How to Prepare For and PASS Data Architecture and Management Designer Exam
This post introduces a series of articles exclusively devoted to the Technical Architect (TA) Exam path. There have been some unclarities about a number and a kind of modules that will be obligatory prior to taking the final TA exam in person in front of the board of examiners. We have finally confirmed a clear picture of the path that is leading to the highest ranks in the Salesforce world.
There are 9 modules that are divided into 2 domain specializations: Application Architect and System Architect. However, 2 of them (Community Cloud Consultant and Mobile Solutions Architecture Designer) seem to be optional so in reality a candidate has to pass 7 modules to be able to take the final exam. Some of the modules have been present in the market for some time. These modules are App Builder exam and Platform Developer I (requisitive in both Domain Architect paths). In this blog post series I would like to talk a little bit more about the remaining modules, starting from Data Architecture and Management Designer.
Let’s start with some overview of target audience:
The Salesforce Certified Data Architecture and Management Designer credential is intended for the designer who assesses the architecture environment and requirements and develops sound, scalable, and performance solutions on the Force.com platform as it pertains to enterprise data management. The candidate understands information architecture frameworks covering major building blocks such as data sourcing, integration/movement, persistence, master data management, metadata management and semantic reconciliation, data governance, security, and delivery.
I’ve just passed the exam and have to admit that somehow it seems easier than other platform-specific exams like Sales Cloud or Service Cloud. Most of the questions are common sense ones dealing with engineering challenges rather than platform features.
Large Data Volumes (LDV)
There are a number of questions concerning that issue. Basically when you hit 2 million records threshold we can start talking about LDV. There are some areas that may be affected by such an amount of records:
- Reports
- Search
- Listviews
- SOQL
To have a better overview of the topic I strongly recommend going through Salesforce’s Best Practices for Deployments with Large Data Volumes ebook.
There is a nice chapter devoted to the database architecture.

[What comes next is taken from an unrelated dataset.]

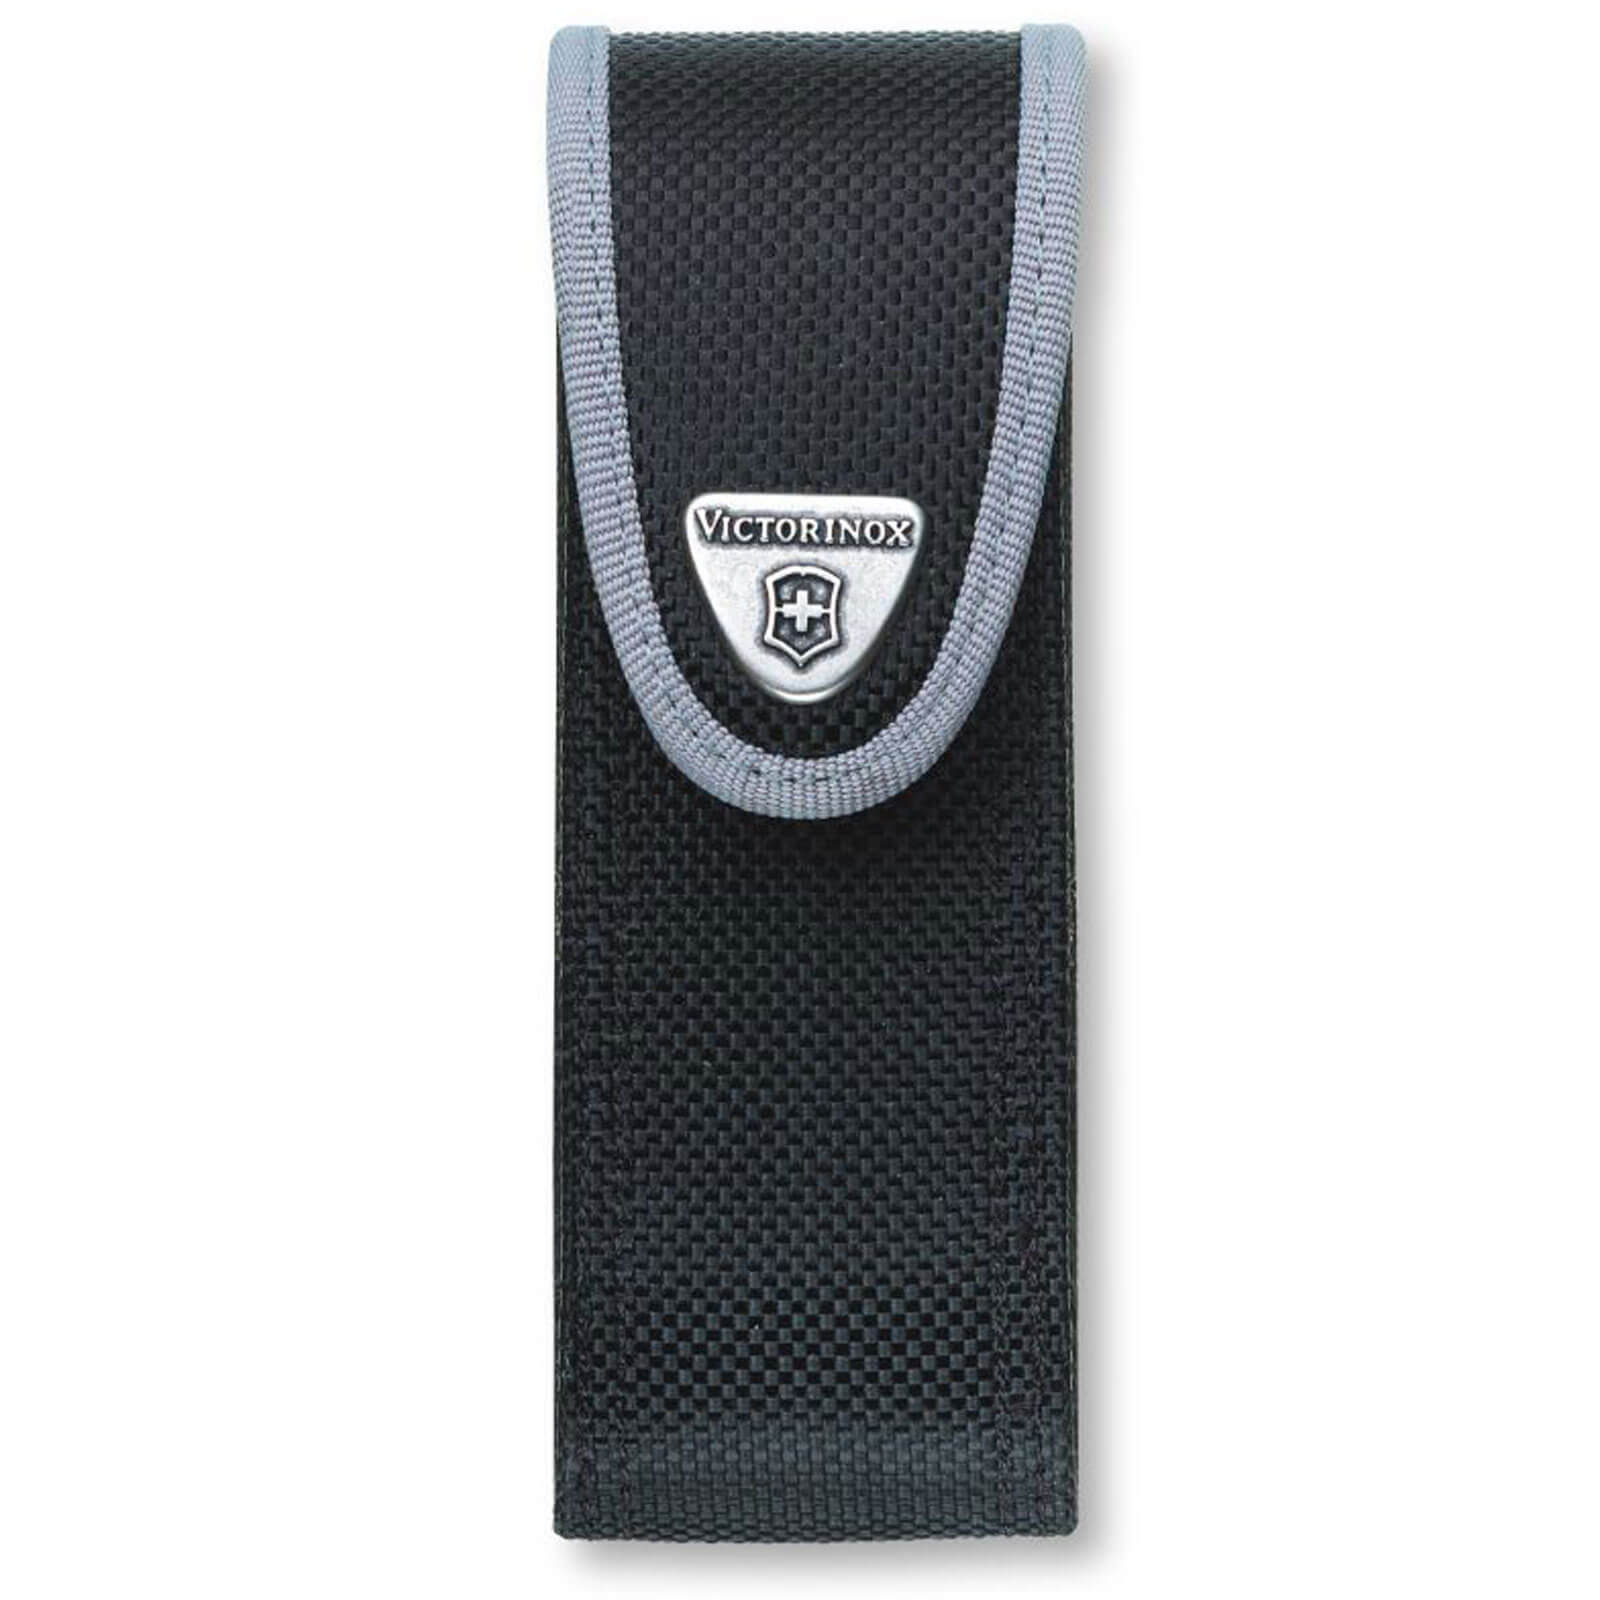 Image of Victorinox Black Nylon Pouch for Swisstool
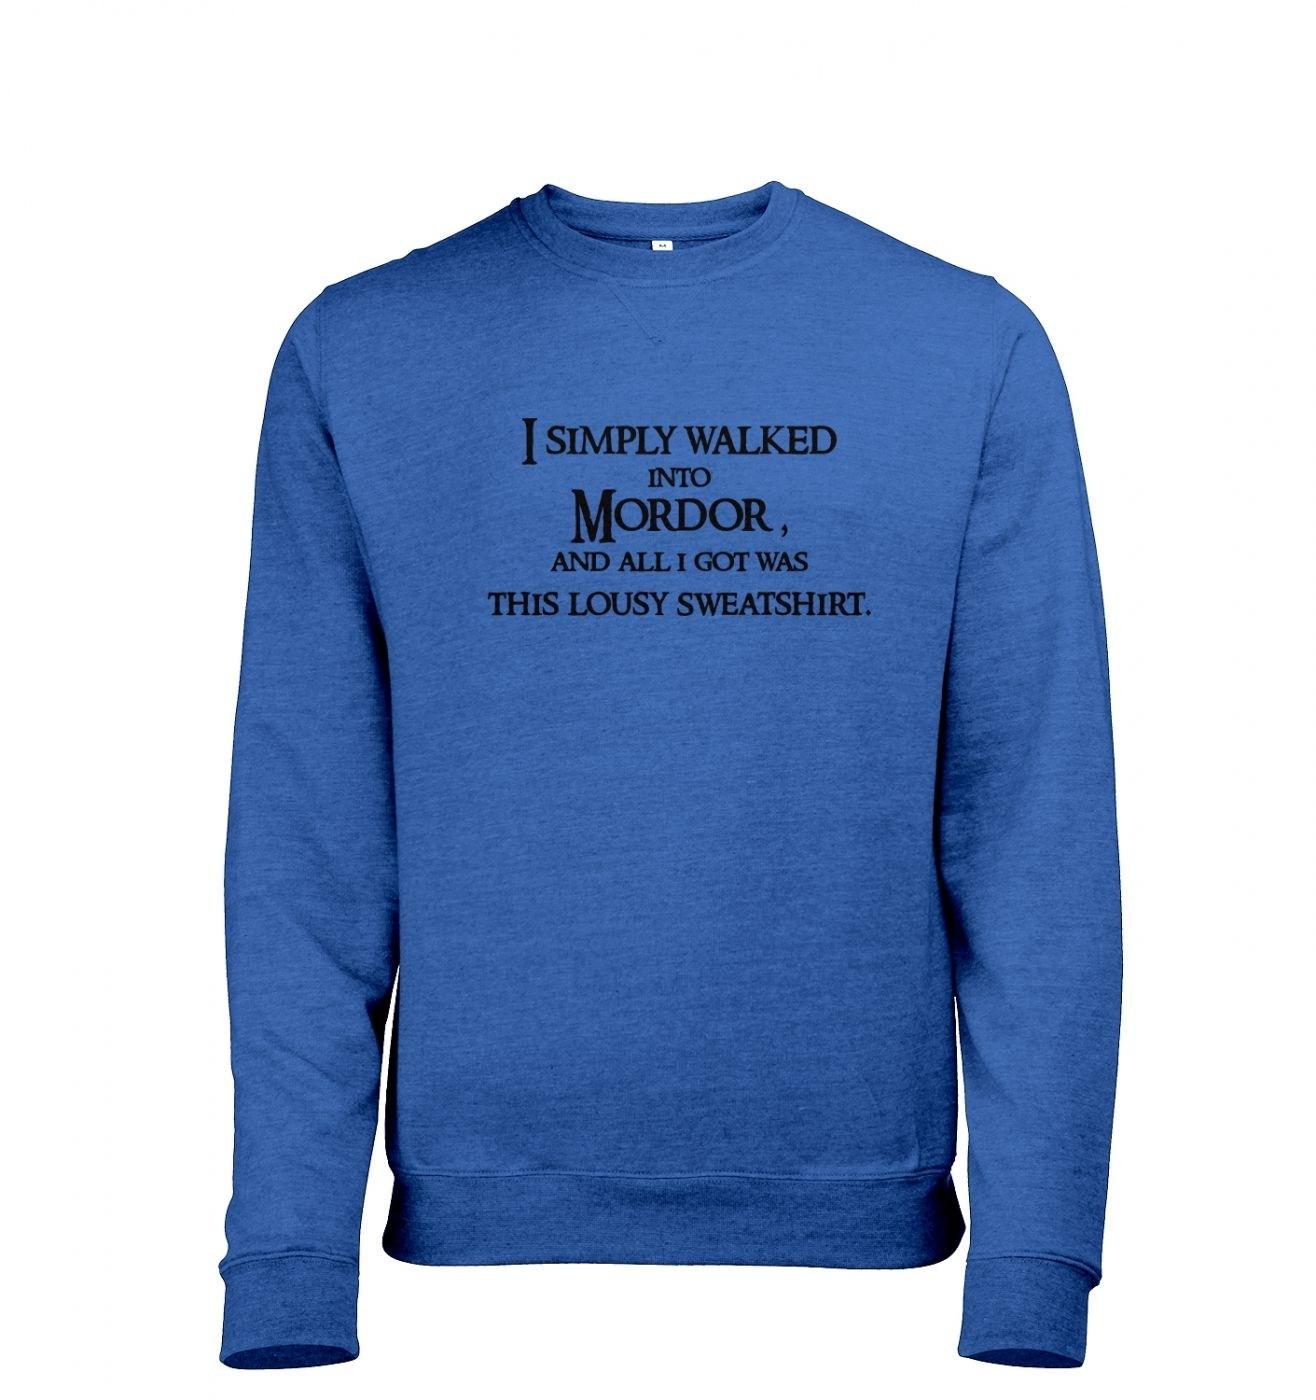 A Sweatshirt From Mordor t-shirt

It’s quite eye opening in terms of how data is stored, searched and deleted in Salesforce:
There are some key challenges connected with LDV:
- Data Skew – each record shouldn’t have more than 10k children; data should be even distributed
- Sharing Calculation Time – one can defer sharing calculation when loading big chunks of data into system
- Upsert Performance – better to seperately insert and then update records; upsert is quite expensive operation
- Report Timeouts
- Apply selective report filtering
- Non-Selective Queries (Query Optimization)
- Make query more selective: reduce the number of objects and fields used in a query
- Custom Indexes
- Avoid NULL values (these are not indexed)
- PK Chunking Mechanisms
- Data Reduction Considerations:
- Archiving – consider off-platform archiving solutions
- Data Warehouse – consider a data warehouse for analytics
- Mashups – real-time data loading and integration at the UI level (using some VF page)
Skinny Tables
Skinny tables are quite an interesting concept that I was not aware of before.
Salesforce creates skinny tables to contain frequently used fields and to avoid joins, and it keeps the skinny tables in sync with their source tables when the source tables are modified. To enable skinny tables, contact Salesforce Customer Support. For each object table, Salesforce maintains other, separate tables at the database level for standard and custom fields. This separation ordinarily necessitates a join when a query contains both kinds of fields. A skinny table contains both kinds of fields and does not include soft-deleted records. This table shows an Account view, a corresponding database table, and a skinny table that would speed up Account queries.
Indexes
Indexes Salesforce supports custom indexes to speed up queries, and you can create custom indexes by contacting Salesforce Customer Support.
The platform automatically maintains indexes on the following fields for most objects.
- RecordTypeId
- Division
- CreatedDate
- Systemmodstamp (LastModifiedDate)
- Name
- Email (for contacts and leads)
- Foreign key relationships (lookups and master-detail)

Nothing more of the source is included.